→ **TASK GOAL**
Reproduce the listing exactly. Omit pictures.

→ **INPUT DATA**
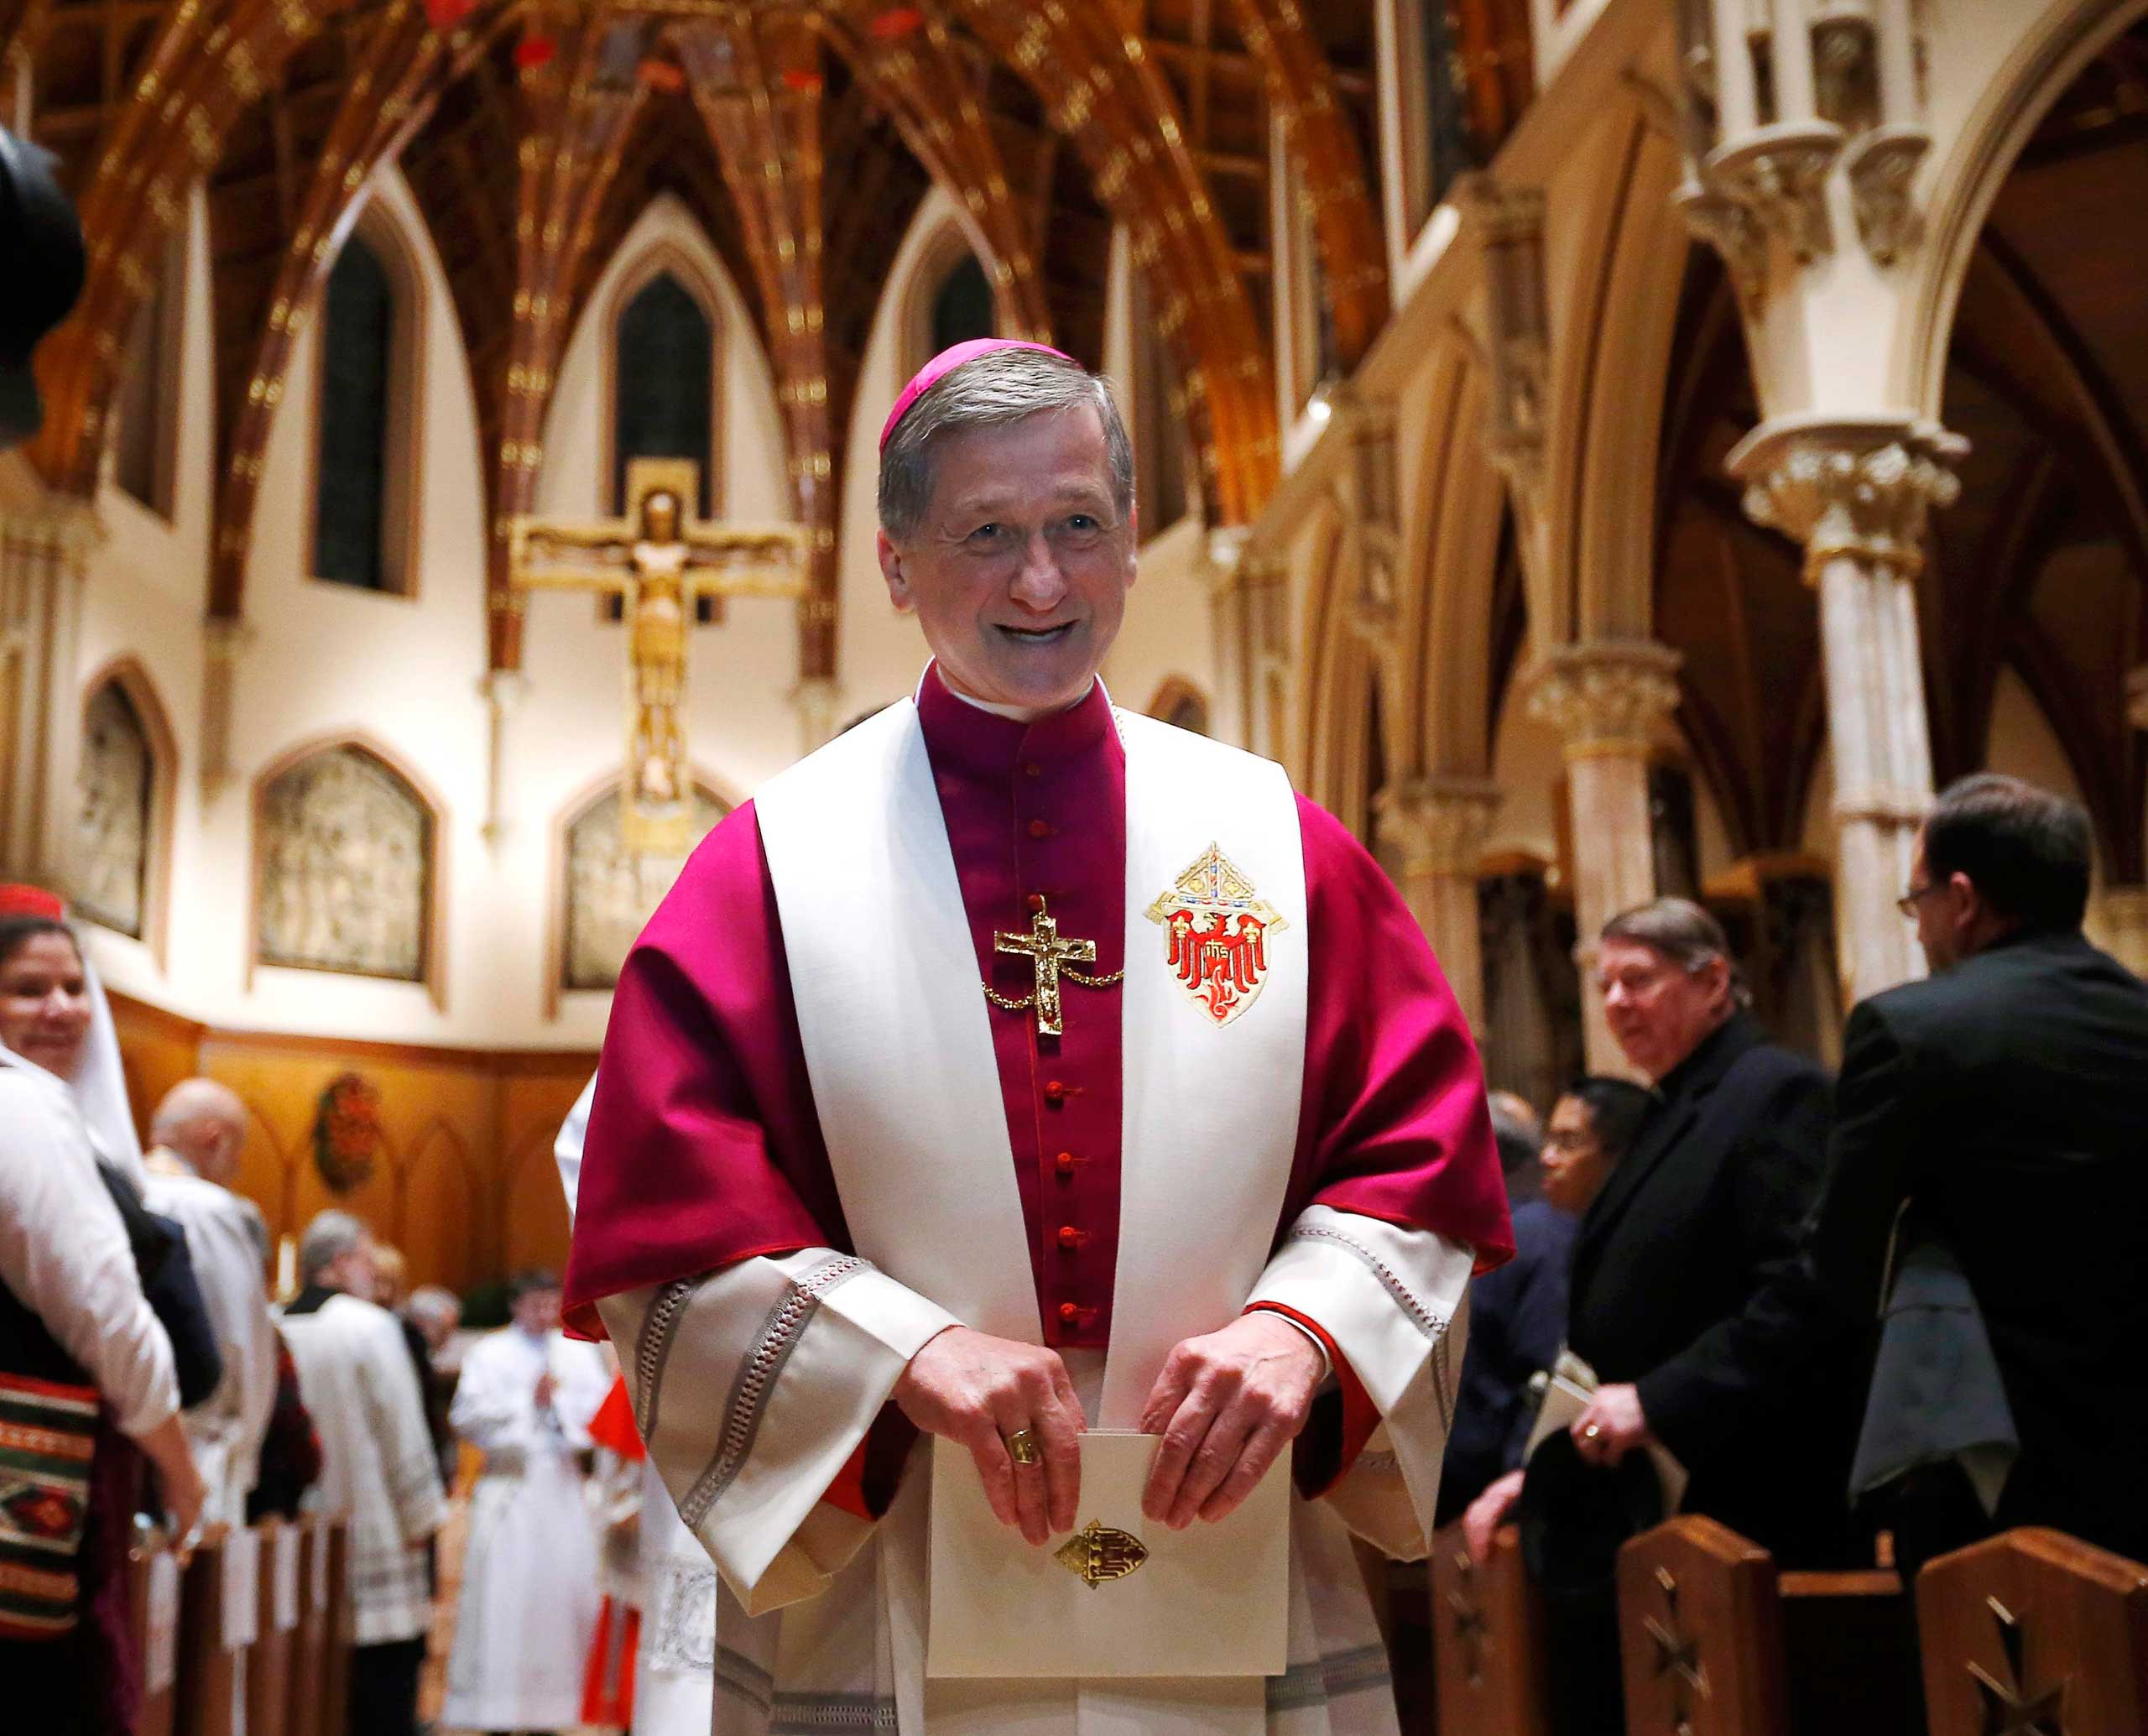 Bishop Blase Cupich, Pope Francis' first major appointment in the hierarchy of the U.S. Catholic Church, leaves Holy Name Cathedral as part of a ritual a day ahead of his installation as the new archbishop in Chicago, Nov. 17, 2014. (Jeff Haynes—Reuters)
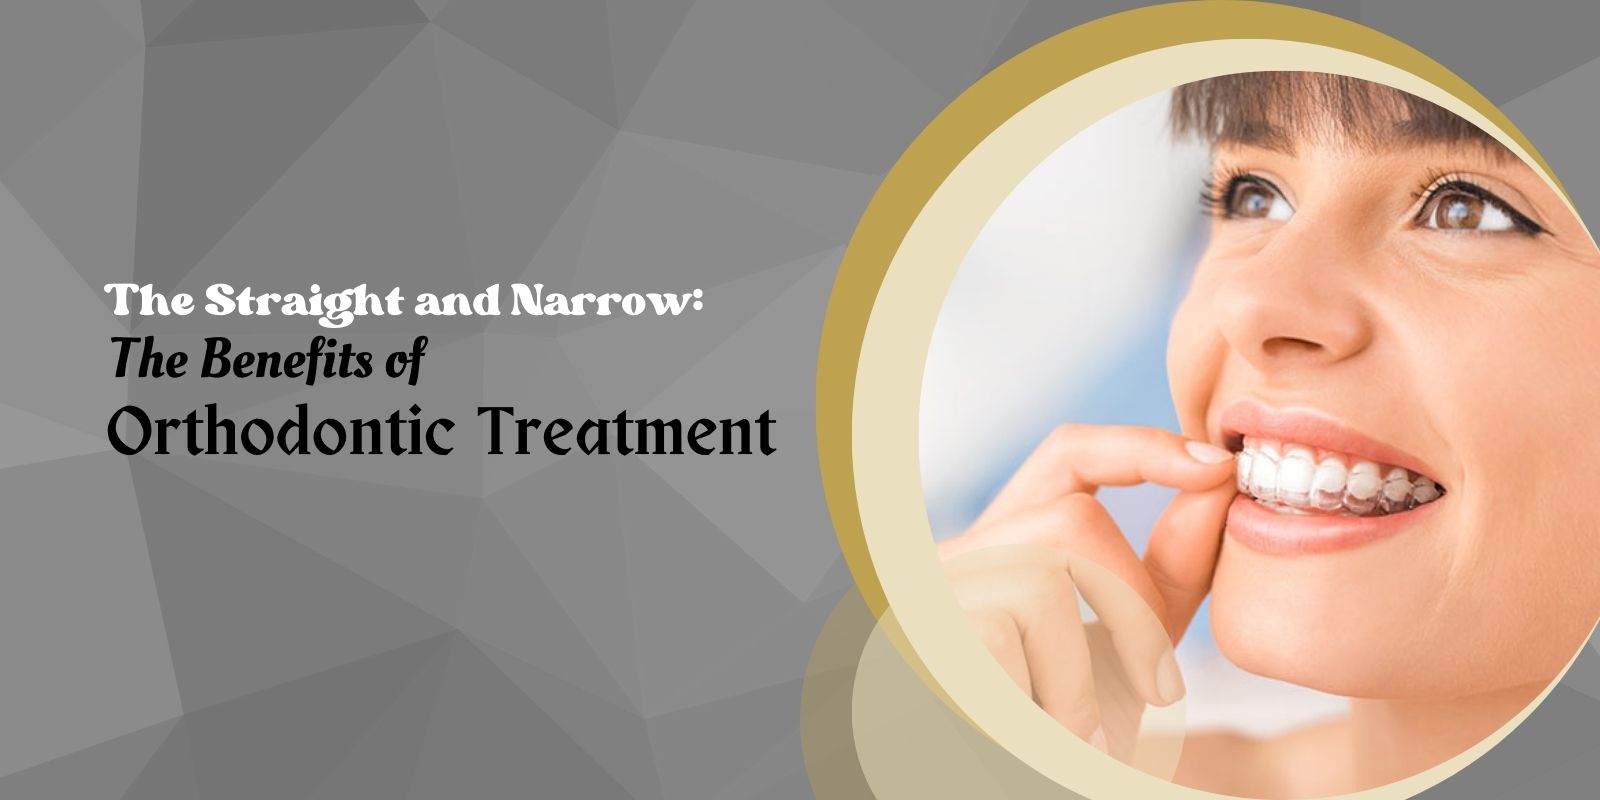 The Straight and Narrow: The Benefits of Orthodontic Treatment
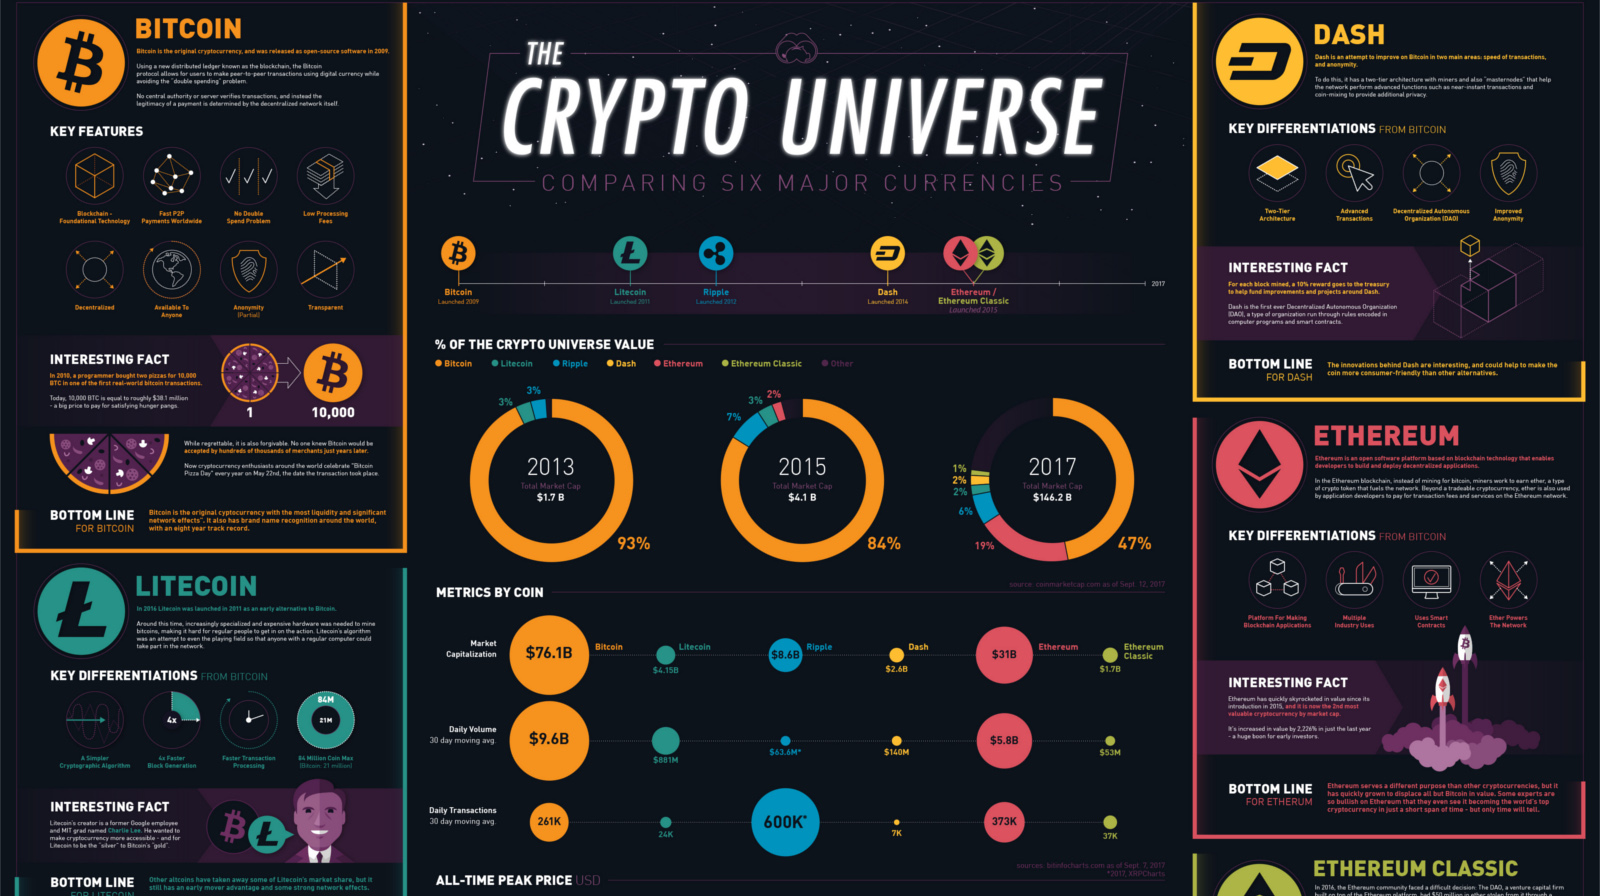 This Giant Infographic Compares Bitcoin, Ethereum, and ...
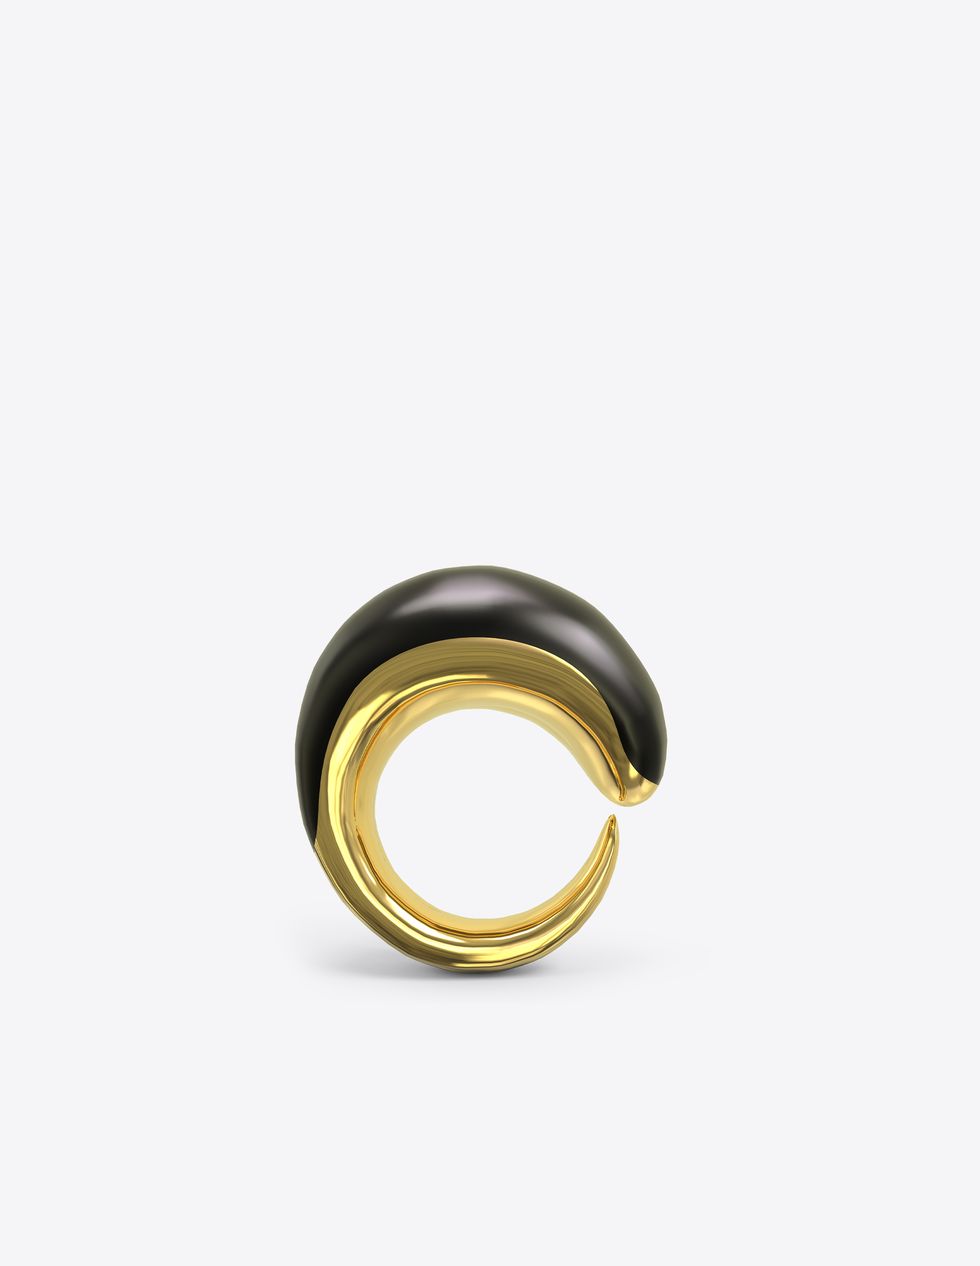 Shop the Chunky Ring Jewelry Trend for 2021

→ **ANSWER FOR THIS EXERCISE**
 Bishop Blase Cupich, Pope Francis' first major appointment in the hierarchy of the U.S. Catholic Church, leaves Holy Name Cathedral as part of a ritual a day ahead of his installation as the new archbishop in Chicago, Nov. 17, 2014. (Jeff Haynes—Reuters)
 The Straight and Narrow: The Benefits of Orthodontic Treatment
 This Giant Infographic Compares Bitcoin, Ethereum, and ...
 Shop the Chunky Ring Jewelry Trend for 2021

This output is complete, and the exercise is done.